Los paisajes de postal que visten el ambiente a lo largo y ancho de la República también son la inspiración para muchos de los arquitectos e interioristas al momento de crear una obra habitacional.

Colores, ritmos, cultura, espacios, olores, todo puede conjuntarse cuando se trata de renovar, intervenir o generar una residencia, lo importante es hacerla parte de ese entorno y que proyecte, a su forma, la rica herencia arquitectónica del País.

Ya sea en el Estado de México, Yucatán, Querétaro, Quintana Roo o en la Capital, el trabajo al interior y exterior de estos proyectos de vivienda privada explora las diferentes vertientes de lo tradicional y lo contemporáneo.

Grandes áreas de convivencia, sitios iluminados, expresiones cromáticas únicas y esa mezcla de artesanía con modernismo le dan su carácter particular y su sello distintivo a lo hecho en México.

MÉXICO D.F.

Seduce con sus acabados

Departamento P-901

Ciudad de México

ALAN RAHMANE

Elegancia, calidez y amplitud son algunas de las sensaciones que predominan en el interiorismo de un departamento ubicado en Bosques de las Lomas. Su diseño, realizado por el arquitecto Alan Rahmane, fusiona los acabados, la iluminación y el mobiliario de manera que se comunican visualmente y se complementan.

La idea de este proyecto, según describió el creativo, fue generar espacios a través de bloques que sugirieran las diferentes áreas sin que necesariamente se delimitaran al 100 por ciento. Por medio de las dimensiones y los materiales que tiene cada uno de estos elementos, se crea armonía en el departamento.

Por ejemplo, los bloques de piedra caliza gris son áreas privadas, como los vestidores, y el de madera de nogal sugiere un espacio semipúblico, que es la cocina.

Así, materiales como vidrio, concreto y acero generan ambientes sofisticados y sobrios que se unen con las envidiables panorámicas con las que cuenta el departamento.

En las áreas públicas se utilizó mármol, pero, para lograr un balance visual, se emplearon también toques de madera. Estas zonas funcionan como una sola, y, a través de una oficina en la que prevalece el vidrio, se señaló visualmente el antecomedor, el cual requería un ambiente más íntimo y privado.
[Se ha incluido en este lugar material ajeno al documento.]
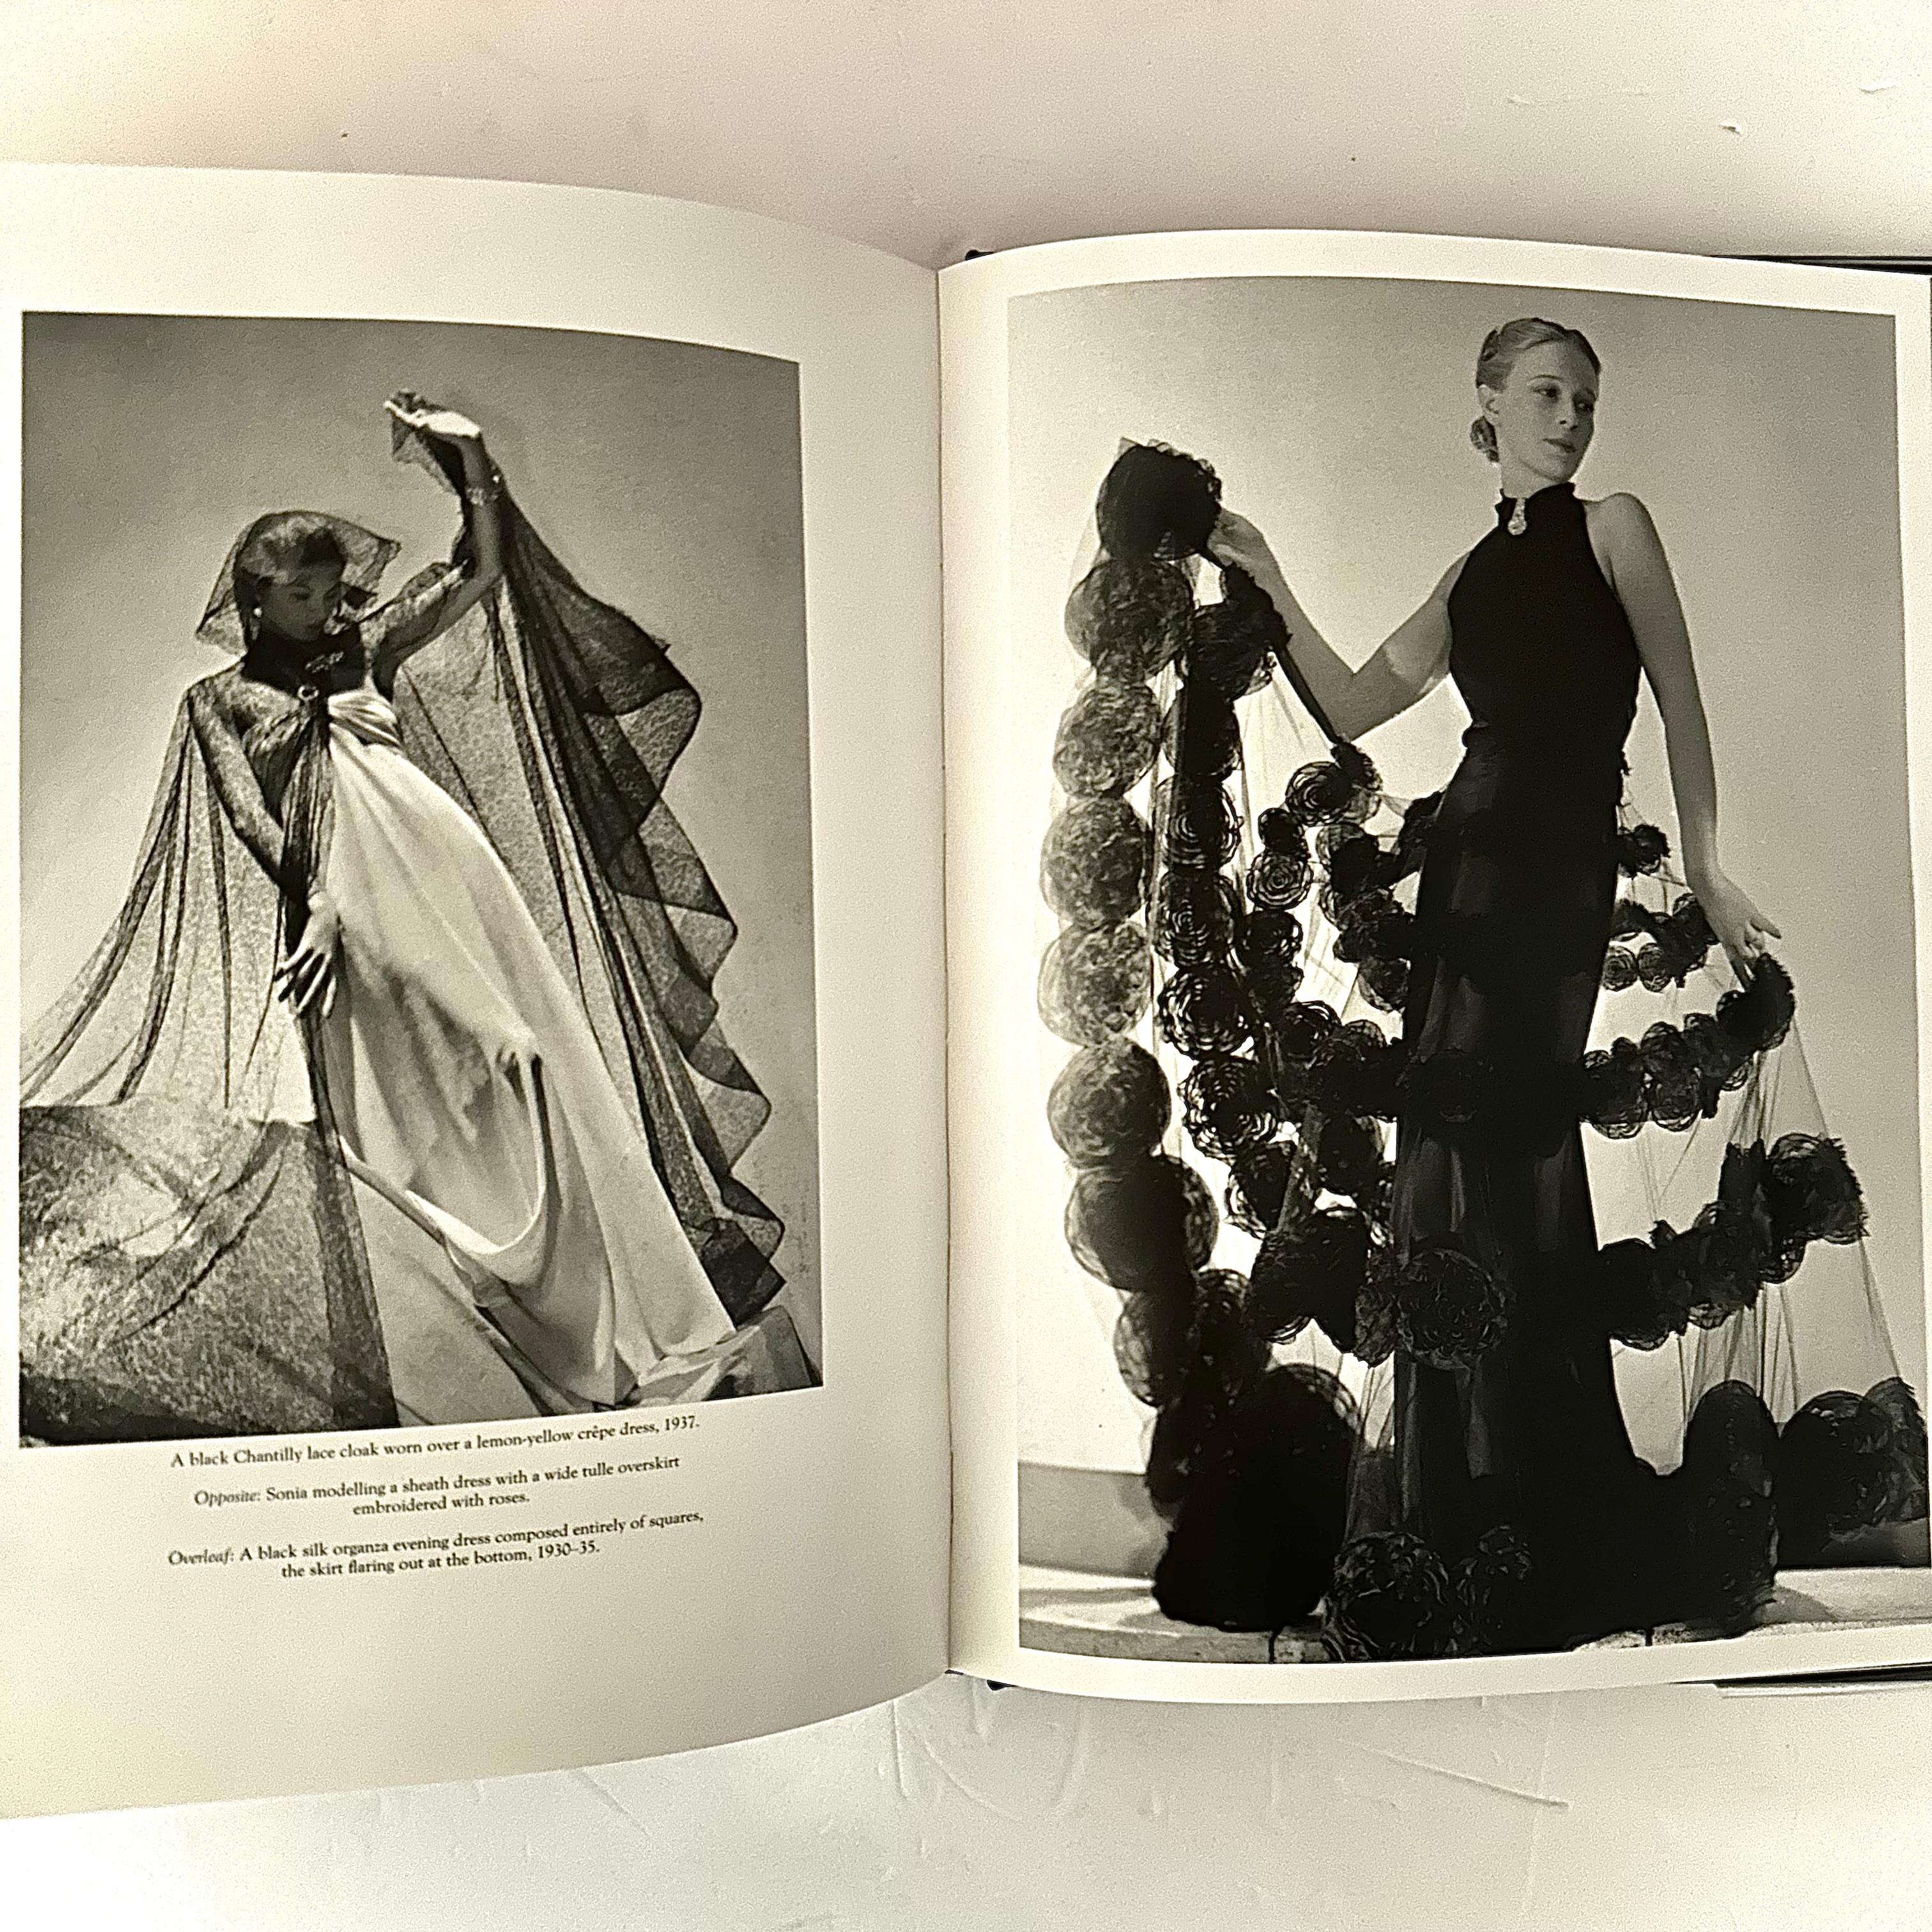 A Rizzoli publication, 1st U. S. edition, New York, 1991. Hardback with English text. Translated from the original French edition.

Synonymous with Haute Couture, Madame Vionnet’s sensuous yet technically excellent couture lent her the reputation of

Una de las intenciones del diseño fue transmitir calidez desde el primer momento, razón por la cual los muros y plafones del acceso se forraron con madera.

MATICES QUE DAN VIDA

Una gama de tonalidades que va del blanco al negro dio vida al interiorismo. Esta sobria neutralidad se matizó con toques de nogal, a través de los cuales se equilibra el espacio.

El blanco genera amplitud; por eso todo el piso lleva un mármol griego blanco con vetas que van de gris a negro. El gris de la piedra caliza da la sensación de un elemento sólido, monolítico y resistente. Para contrarrestar estos dos materiales, Rahmane utilizó el negro en algunos muebles fijos.

El área de la biblioteca luce como una celosía que recibe los libros, y son éstos los encargados de darle un toque de color al ambiente.

El mobiliario destaca por sus trazos limpios y sutiles, pues, a decir del creativo, estas piezas deben formar parte del proyecto, pero no competir con la esencia del lugar. En ellos predominan acabados en mármol, madera, vidrio, aluminio, piel y telas de algodón.

La luminotecnia del lugar se planteó de forma indirecta por medio de cajillos y los mismos bloques, que funcionan como lámparas. De esta manera, los espacios se iluminan sin que sea evidente de dónde proviene la luz.

La cocina, por ejemplo, se mantuvo con la losa original, y, mediante un plafón de madera de nogal, se crea una lámpara que alumbra y enriquece toda la zona.

Fotos Cortesía: Craft Arquitectos

MÉXICO D.F.

De lo retro a la modernidad

Casa en el Pedregal

Ciudad de México

JUAN CARLOS BAUMGARTNER

En uno de los terrenos del Pedregal cubierto por roca volcánica, se encuentra una casa de los años 50. Este inmueble, que mide 650 metros cuadrados, fue remodelado por el arquitecto mexicano Juan Carlos Baumgartner.

Aunque la estructura original de la obra estaba bien resuelta, fue necesario mover muros y ampliar pasillos. Incluso, como parte de la intervención, se modificó la escalera abarrocada de la entrada y se adaptó una volada que se liga directamente con el acceso principal.

Al ingresar al vestíbulo, que se divide en dos niveles, se aprecia la fluidez visual entre la sala y el comedor. Sobre los muros de estos espacios se colgaron pinturas de arte abstracto con técnica de acrílico sobre tela.

El uso de sillas y sillones diseñados por creativos como Le Corbusier, Mies Van de Rohe y Charles y Ray Eames le imprime un carácter elegante a las superficies públicas.

A un costado de la zona social se ubica un salón de usos múltiples que funciona como family room y cuarto de juegos para niños. Ahí mismo el propietario puso un librero con diferentes entrepaños donde exhibe su colección de cámaras.

Otro de los espacios...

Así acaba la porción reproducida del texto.